# Who determines "self-preservation"?



## Sifu (Dec 27, 2018)

I have a submittal for some sort of plastic surgery office.  I asked for a written description of the activities and what I received back indicates that procedures "require sedation", that patients are "safely sedated" and under the direct care of "a certified personnel who is there to ensure further safety".  It is a less than 24-hr facility, and states that "all patients satisfy the discharge criteria to be released within 30 to 45 minutes".  The quotes are from their letter.  I called it an ambulatory care facility.  Now they are challenging my designation.  

So my question is this; who determines if someone is incapable of self-preservation?  Is there some criteria, or list of drugs, or types of procedures?  I have not directly done any sedation dentistry projects or ever had any sedation dental work so I am not sure how that plays in.  (My understanding is that those patients are not considered incapable of self preservation.)

They are understandably frustrated and want to walk back their description but I would like to know a little more before I put it in front of the boss.


----------



## RLGA (Dec 27, 2018)

Sifu, I think your designation is correct. If a person at any time is under sedation, then they are not capable of self-preservation.


----------



## steveray (Dec 27, 2018)

If they are sedated, they are incapable.....I think it is four at a time for ambulatory, have them produce a letter to that affect, signed by the licensed doctor, and play through...


----------



## mtlogcabin (Dec 27, 2018)

[BG] INCAPABLE OF SELF-PRESERVATION. Persons who, because of age, physical limitations, mental limitations, chemical dependency or medical treatment, cannot respond as an individual to an emergency situation.


----------



## Sifu (Dec 27, 2018)

Do you have opinions on what "sedated" is.  From Webster's:
Definition of sedation 
1 : the inducing of a relaxed easy state especially by the use of sedatives
2 : a state resulting from or as if from sedation

I just called a dentist to blindly ask about what they do.  I asked if at any point a patient was incapable of getting up and walking out during a fire.  The response was that sometimes ABSOLUTELY.  In his letter to me the owner says the closest analogy to his operation would be sedation dentistry.


----------



## Sifu (Dec 27, 2018)

mtlogcabin said:


> [BG] INCAPABLE OF SELF-PRESERVATION. Persons who, because of age, physical limitations, mental limitations, chemical dependency or medical treatment, cannot respond as an individual to an emergency situation.

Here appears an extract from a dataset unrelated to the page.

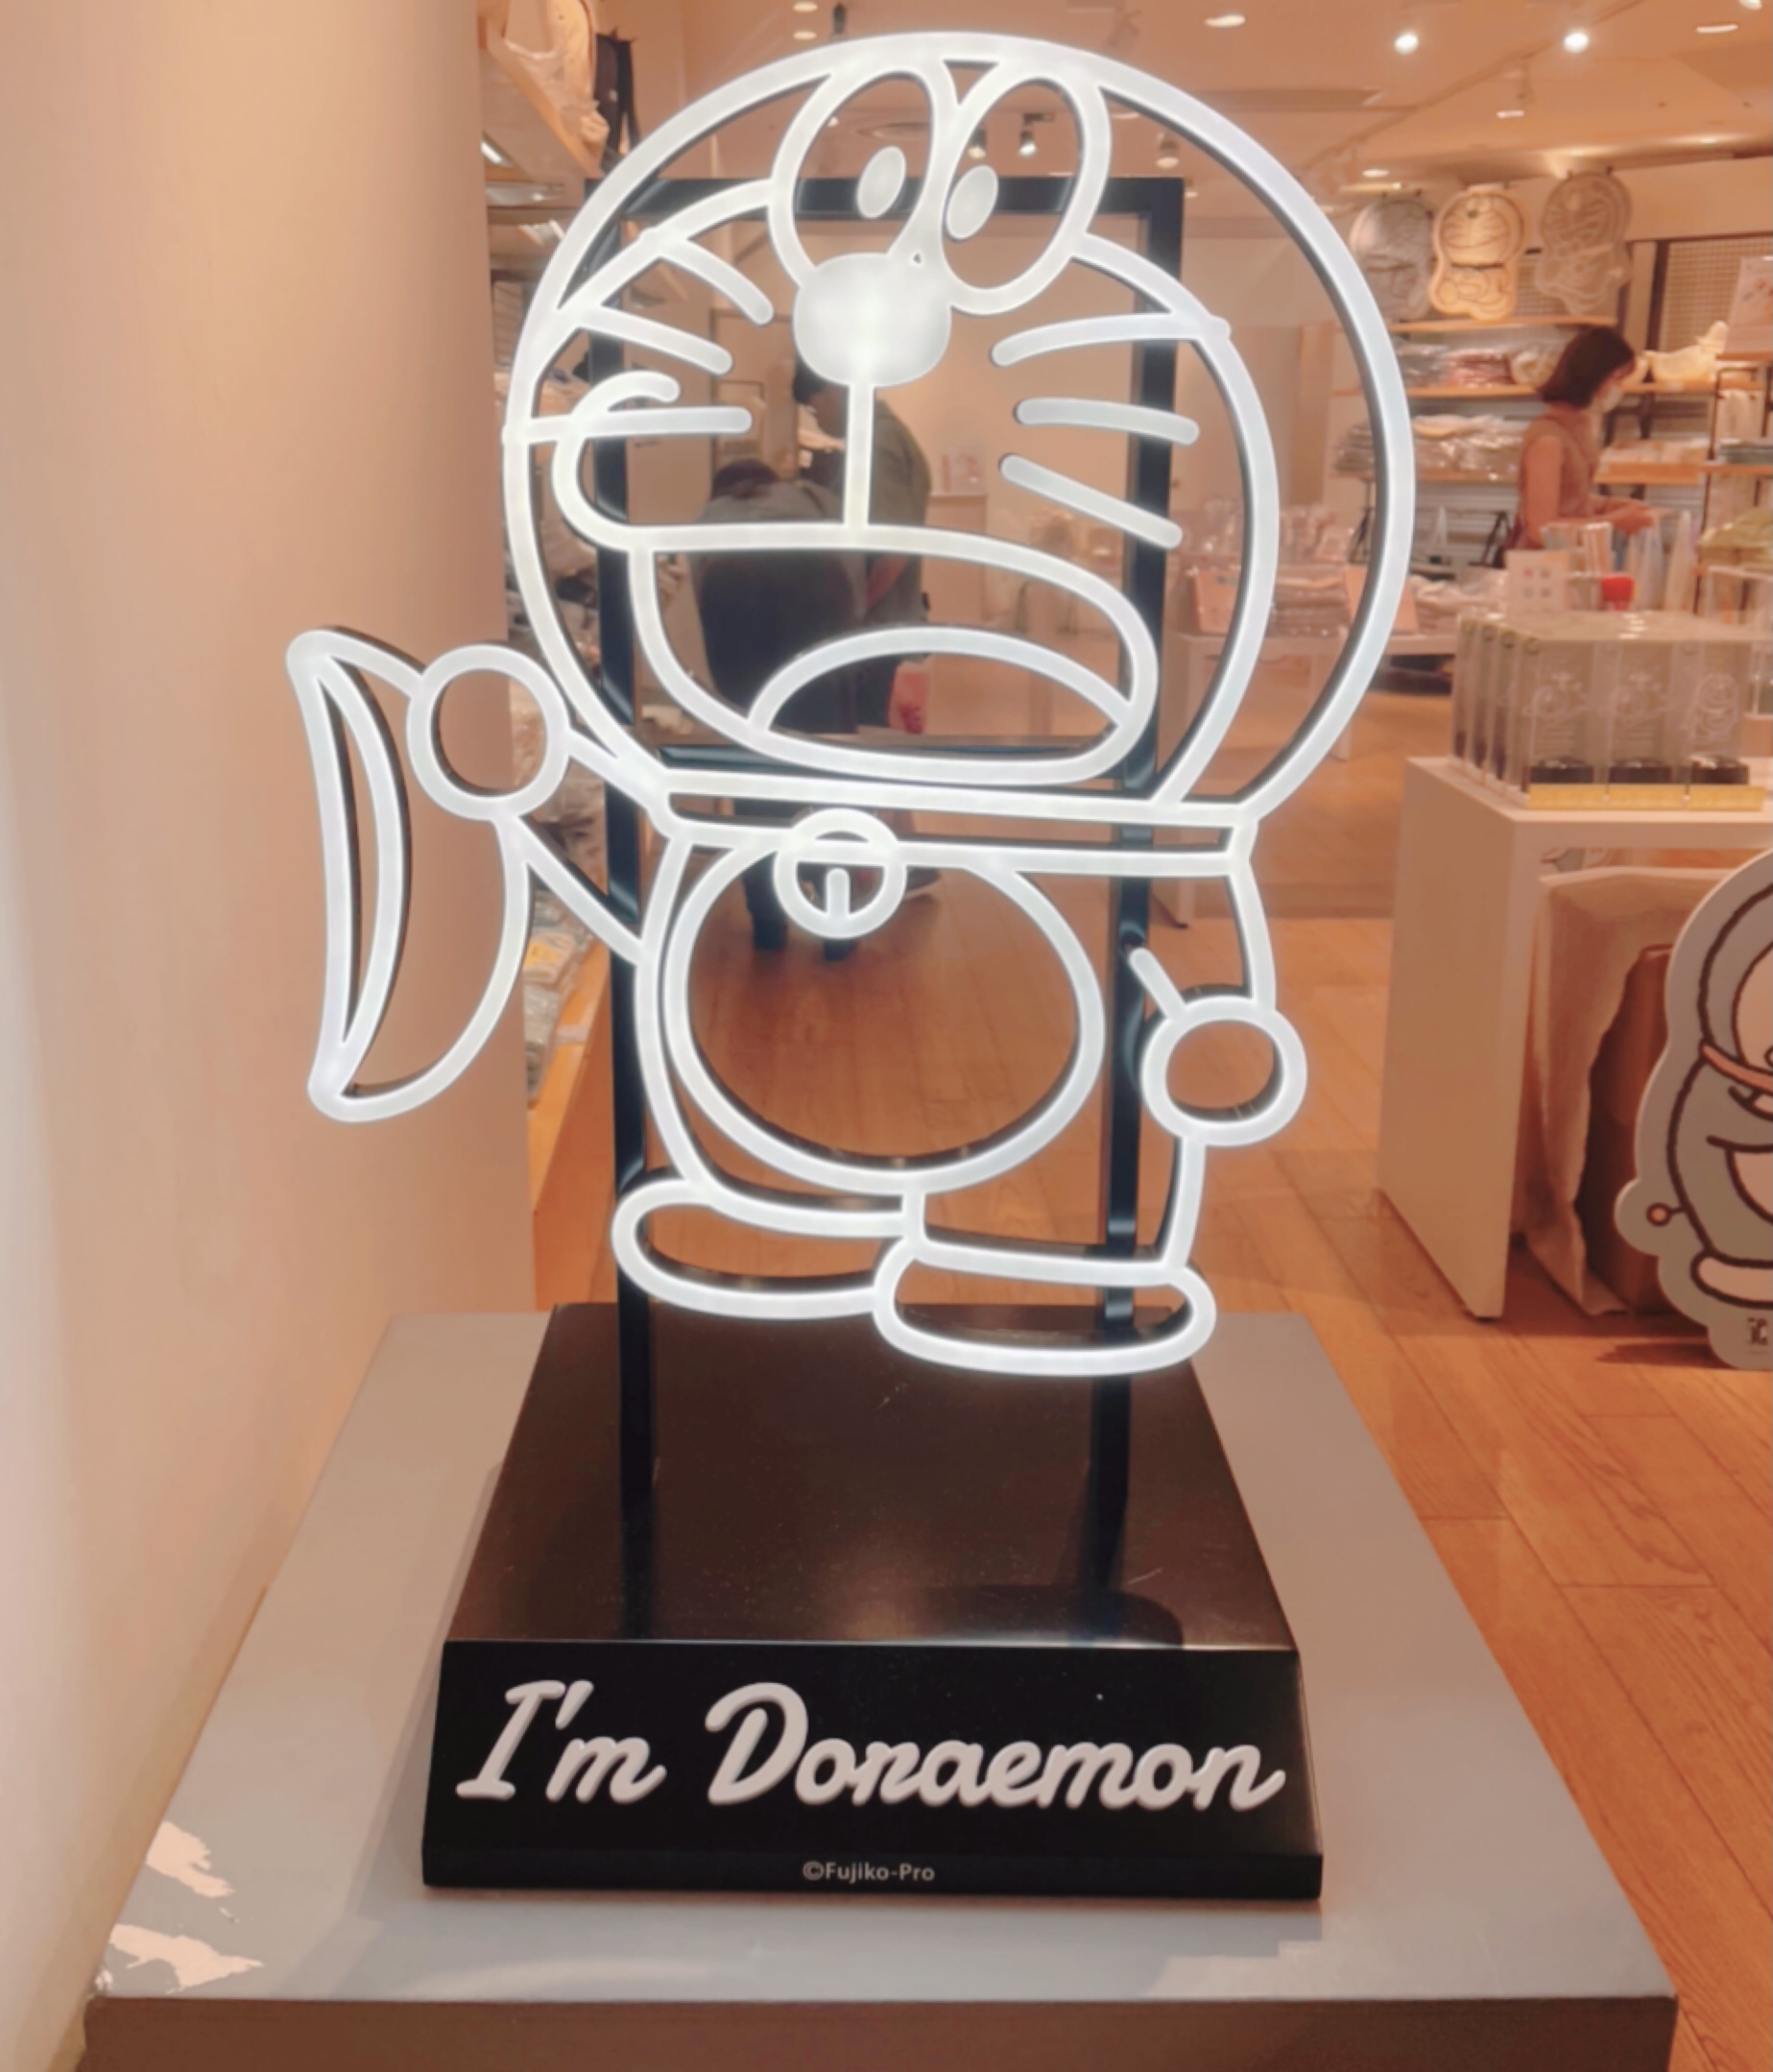 福岡パルコ I M Doraemon Pop Up Store By Flowering に行ってきた For

 I get that definition, what I don't see is how I (or someone else) make that determination.


----------



## Sleepy (Dec 27, 2018)

For NFPA 101 (2018, or 2012) Ambulatory Healthcare is outpatient with four or more persons incapable of self preservation, simultaneously.  I think you are correct that sedation would qualify, if there are four or more patients.  An office that sedates less than four at a time would likely be a Business occupancy.   

IBC has a similar language (2015, Section 422.1) which defines Ambulatory Care Facilities where "potential for four or more care recipients are to be incapable of self-preservation at any time."

NFPA has a slightly more useful definition of the incapable-of-self-preservation thing than IBC and clearly includes "Anesthesia that renders the patients incapable of taking action for self-preservation under emergency conditions without the assistance of others" (para. 6.1.6.1).  I know you can't rely on NFPA when applying IBC, but it can provide some context. 

It seems there is nothing wrong with the written description of the activities, they just need to clarify if they do so with fewer than four patients at a time.


----------



## mtlogcabin (Dec 27, 2018)

Sifu said:


> I get that definition, what I don't see is how I (or someone else) make that determination.


You make the determination and if they disagree make them prove it

Is there a medical gas room? Then get a list of the gases they will use. If there is nitrous oxide then the patients will be incapable of self preservation .
ask for a list of drugs used during dental procedures

*Oral sedation dentistry* is a medical procedure involving the administration of oral sedative drugs, generally to facilitate a dental procedure and reduce patients fear and anxiety related to the experience. Oral sedation is one of the available methods of conscious sedation dentistry, along with inhalation sedation (nitrous oxide) and conscious intravenous sedation.[1] Drugs which can be used for sedation include diazepam, triazolam, zaleplon, lorazepam, and hydroxyzine.[2]


----------



## Sleepy (Dec 27, 2018)

There may be a distinction between "sedation" and "anesthesia" that is significant here.  Something described as "conscious sedation" doesn't seem to be "incapable of self-preservation. 

Sifu, you may want to contact your state Department of Health.  They likely deal with licensing of healthcare facilities and have to deal with occupancy (Healthcare vs. Ambulatory Healthcare vs. Business) all the time.  They may have some specific guidance.


----------



## jar546 (Dec 27, 2018)

The mere fact that there response was that they always have someone who is certified with them at all times means that they have to for health care facility licensing reasons along with common sense of course just helped your case.  Enough is enough and I have witnessed a lot of ambulance calls to places like this when there were complications from their routine surgeries...........  yep you are correct.


----------



## Sifu (Dec 28, 2018)

I have made the call, and in doing so provided them with the codes and definitions (should I really have to do that for an architect in this position????).  It is up to them to convince me now, and if they can't then convince my boss.  Sleepy, you have nailed the source of my doubt and I will try to reach out to the health department.  And, jar, you caught onto a significant point that drove this.  If they are providing an anesthesiologist or RN for the direct care I think that tells me something.

"under the direct care of myself, a certified anesthesia personnel (who is there to ensure further safety, not because of the depth of anesthesia), and registered nurses."


----------



## ICE (Dec 28, 2018)

Four is a relatively large number when counting the people that might be anesthetized at a given time.  At most dental practices the number one is more likely.


----------



## mark handler (Dec 28, 2018)

You cannot tell how a sedative will work on people.
Everyone reacts differently to drugs.
If they administer a sedative drug calm someone down, that could make them lethargic or fall asleep, and become "incapable of self-preservation".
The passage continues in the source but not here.